How to Keep Your Dog in Shape During the Winter

Some dog breeds thrive in the winter. Among the most common cold-weather dogs are the Siberian Husky, Newfoundland, Alaskan Malamute, and Bernese Mountain Dog. For most of the other breeds, however, some adjustments and special care need to be made in the winter to make sure they stay in shape.

A dog waiting for his breakfast. Photo by tracydonald. (CC BY 2.0).

A dog waiting for his breakfast. Photo by tracydonald. (CC BY 2.0).

Adjust Food Portions

The typical recommendation is to increase food portions during the winter but the right thing to do really depends on each individual dog. Theoretically, dogs burn more calories in the winter just because of the extra effort to keep warm. Because of this, it might be a good idea to give them a little bit more food.

However, many dogs also tend to hibernate in very cold weather. So while their body uses up extra energy to keep warm, they might not need extra food because they are less active. In fact, some dogs might need to be given less food, depending on how they behave during the season.

No matter what, you may need to adjust your dog’s food portions during the winter. Whether you’ll need to increase or decrease the amount really depends on your dog. The best thing to do is to observe your dog’s activity level and appetite and respond accordingly. It might also be a good idea to consult with your vet regarding these changes.

A German Shepherd playing fetch with a large stick during winter. Photo by Jozef Fehér.

A German Shepherd playing fetch with a large stick during winter. Photo by Jozef Fehér. (CC BY 2.0).

Adjust Exercise Routines

In winter, it’s easy to hole up indoors and it’s tempting to let our dogs do the same. But, it’s important to keep them active at this time. Besides, ensuring that your dog is adequately exercised will also help you be up and about, keep yourself in shape, and breathe some fresh air.

Exercising your dog in winter is much like any other season. The goal is simply to let them burn their excess energy to manage their weight and also so that they don’t develop any destructive behaviors.

The best activities to exercise your dog are done outdoors. However, the different conditions in winter require you to make certain changes to ensure that your dog is safe and comfortable outside.

Keeping Your Dog Safe Outside During Winter

A dog a body wrap to protect from the cold. Photo by Yuki Dog.

A dog a body wrap to protect from the cold. Photo by Yuki Dog.

1) Use body wraps for insulation.

While dogs with dense coats should be fine outdoors during winter, most will need some help keeping themselves sufficiently warm. Body wraps or winter coats for dogs should be helpful for this purpose. Additionally, the different styles these coats come in makes bundling them up incredibly fun!

A dog with a waterproof jacket playing in the snow. Photo by smerikal. (CC BY-SA 2.0).

A dog with a waterproof jacket playing in the snow. Photo by smerikal. (CC BY-SA 2.0).

2) Use waterproof jackets to protect from snow and rain.
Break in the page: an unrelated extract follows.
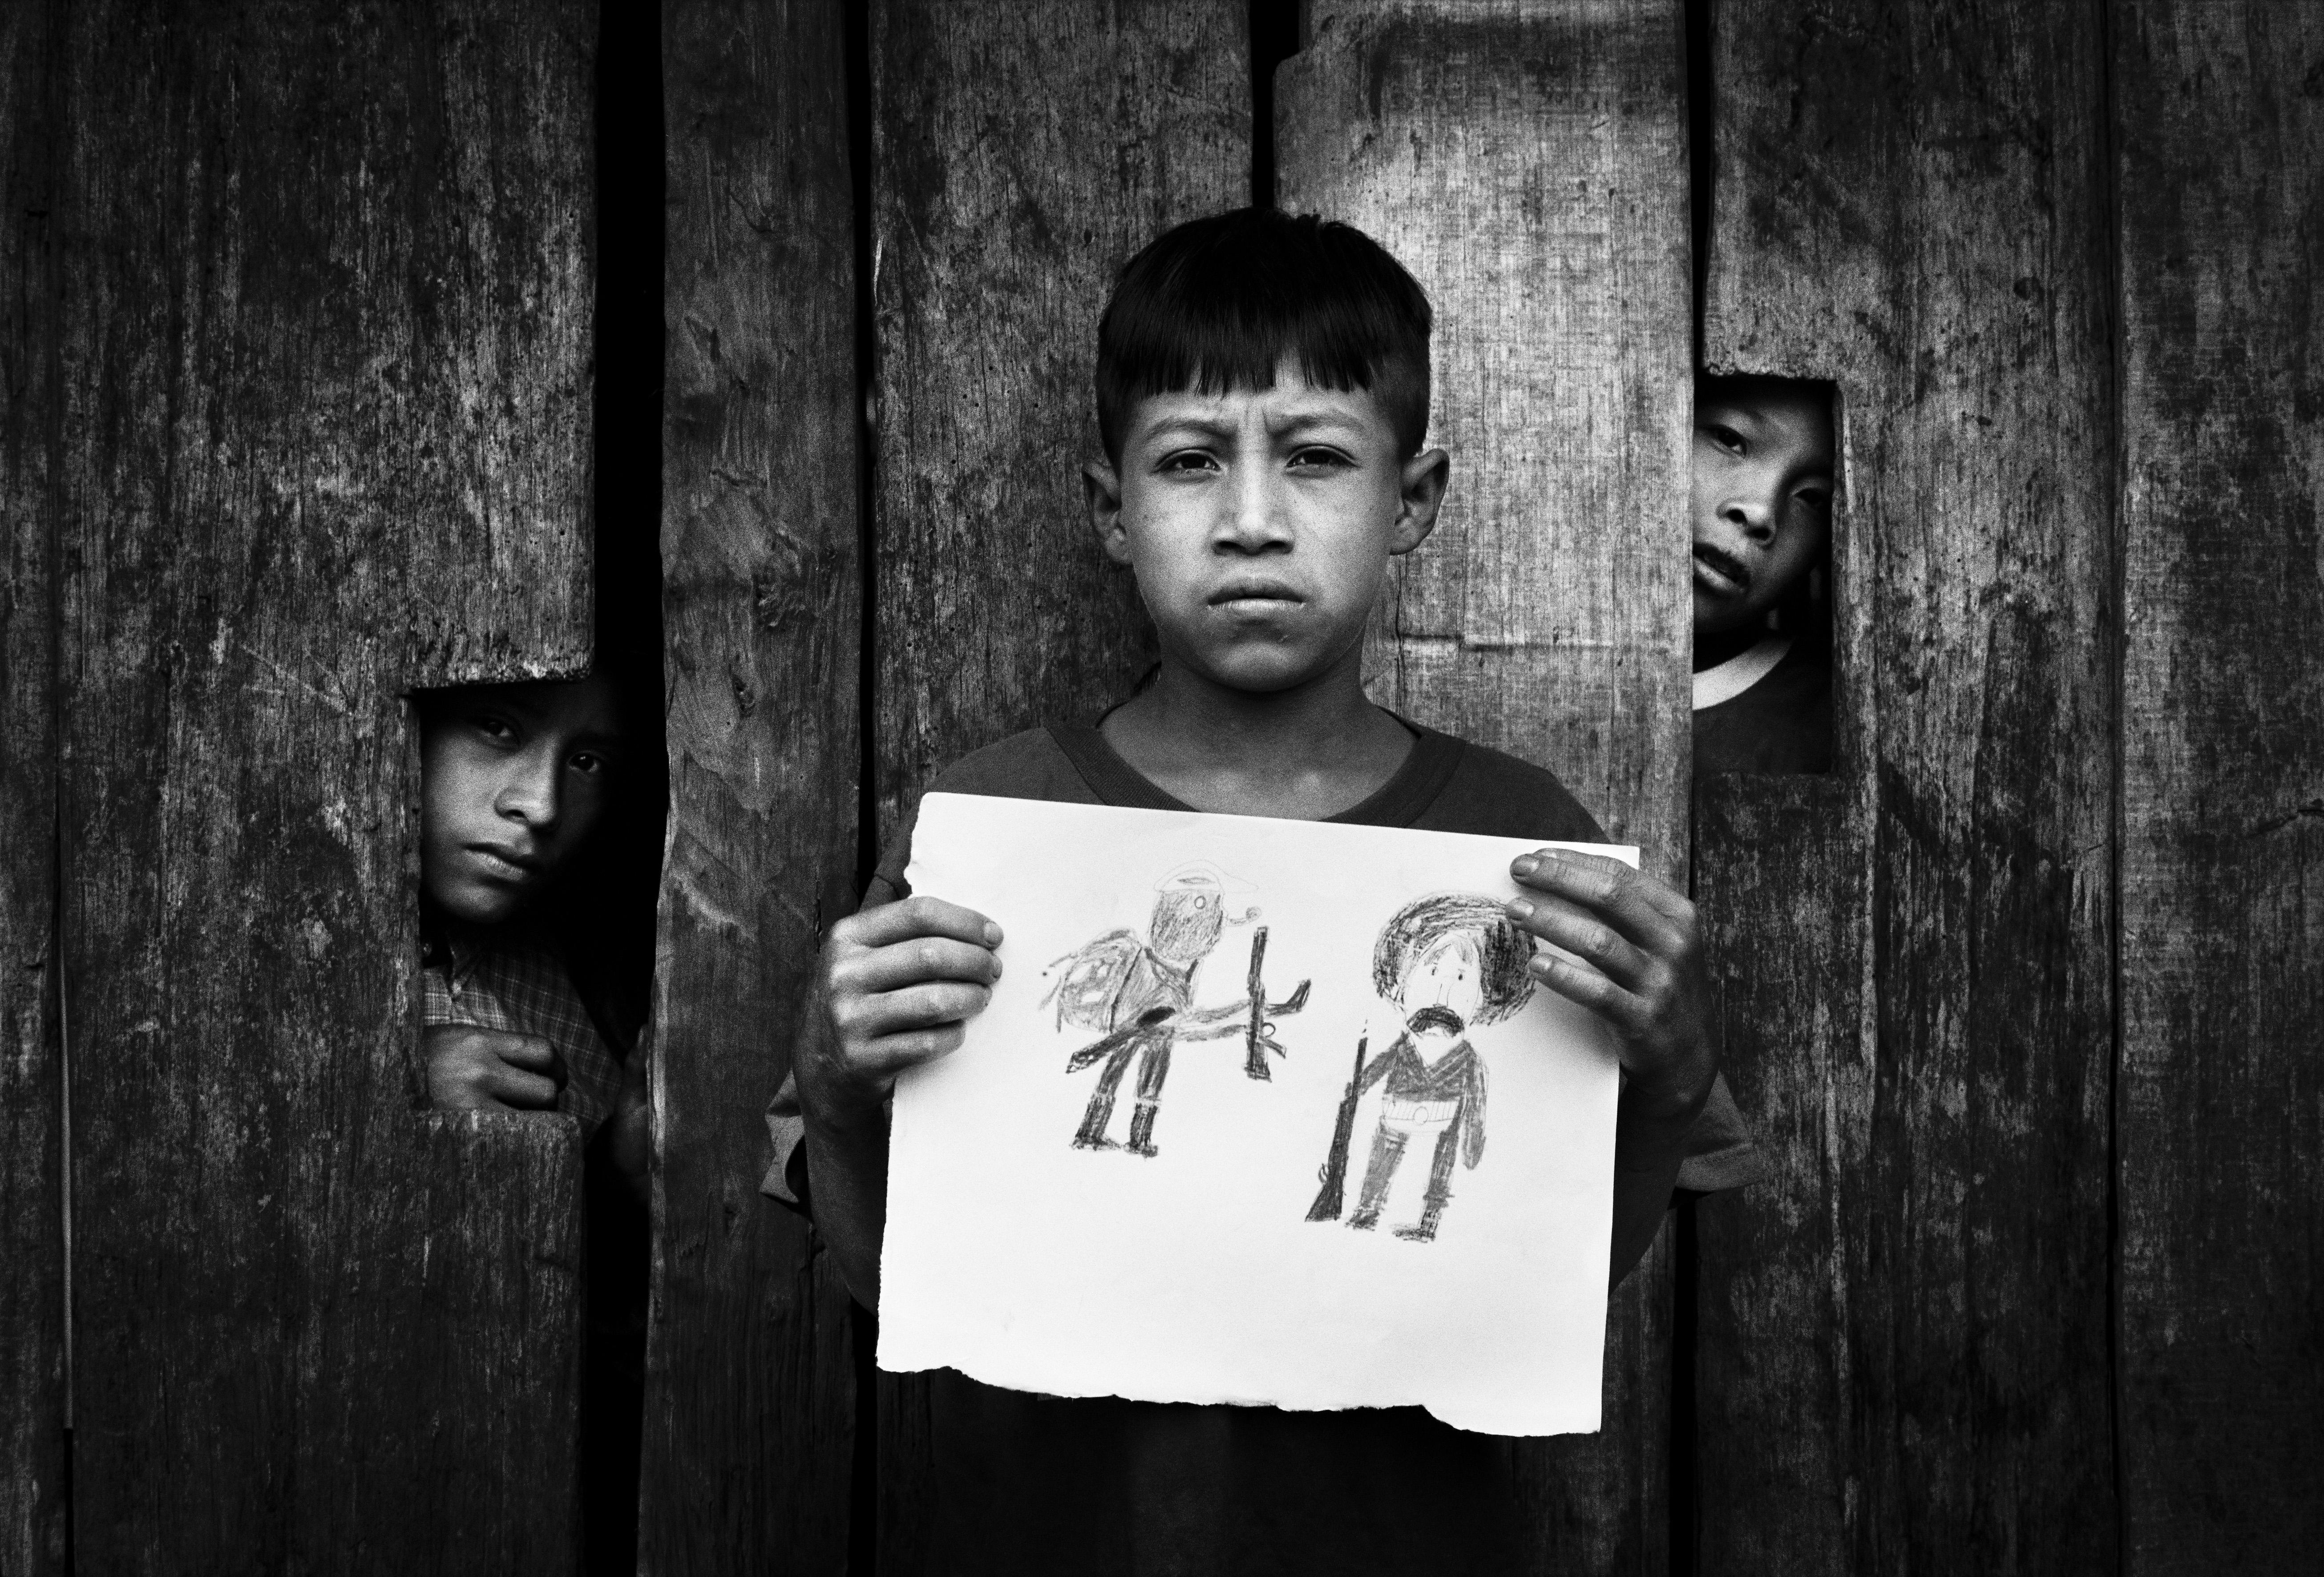 Ismael hizo un dibujo representando a Zapata y al Subcomandante Marcos. | Mat Jacob. Chiapas, insurrección zapatista en México, 1995-2013 | Museo Amparo, Puebla

Sometimes, clothing dogs in winter is not really about providing extra insulation but protecting their coats from getting wet with cold rain or snow. This is especially true for thicker, longer-coated dogs like Goldendoodles. In these cases, dog raincoats or waterproof jackets should be very useful. These protect from wetness, are made of lighter material, and are generally easy to put on and off.

A Siberian Husky with a reflective collar in the snow. Photo by pixabay.com.

A Siberian Husky with a reflective collar in the snow. Photo by pixabay.com.

3) Use reflective collars for added safety.

In the winter, it’s generally darker outside and light from the sun disappears quite early. Part of keeping your dog safe is making sure they’re visible at all times. Reflective collars should be very useful for this purpose. These are stylish at daytime and offer safety at night. Additionally, there are LED collars for even better visibility.

A pug in winter clothes and dog shoes. Photo by pasja1000.

A pug in winter clothes and dog shoes. Photo by pasja1000.

4) Consider dog boots.

Not all dogs will put up with them but dog boots are the best way to protect the paws from the cold ground. Additionally, streets and sidewalks are typically treated with salts and other chemicals that are very harmful to dogs. Protecting their feet using dog boots will keep their paws from the excessive drying, cracking, or even burning that these road salts can cause.

A Bernese Mountain Dog and his hairy paws. Photo by tracydonald. (CC BY 2.0).

A Bernese Mountain Dog and his hairy paws. Photo by tracydonald. (CC BY 2.0).

5) Practice proper paw care.

If you can’t get your dog to tolerate dog boots, the next best thing is to care for their paws properly. Before going out, apply paw wax that will act as a protective layer between your dog’s paws and the ground. Keep in mind, though, that this will wear off. You might need to re-apply, depending on how long you’re out for. When you get home, give your dog’s paws a good rinse before applying some paw cream to further protect them from cracking and drying.

Winter conditions are no excuse to loaf about. That goes for both you and your dog. By investing in some dog winter clothes and practicing good paw care, both of you can keep in shape in a stylish, fun, and safe way.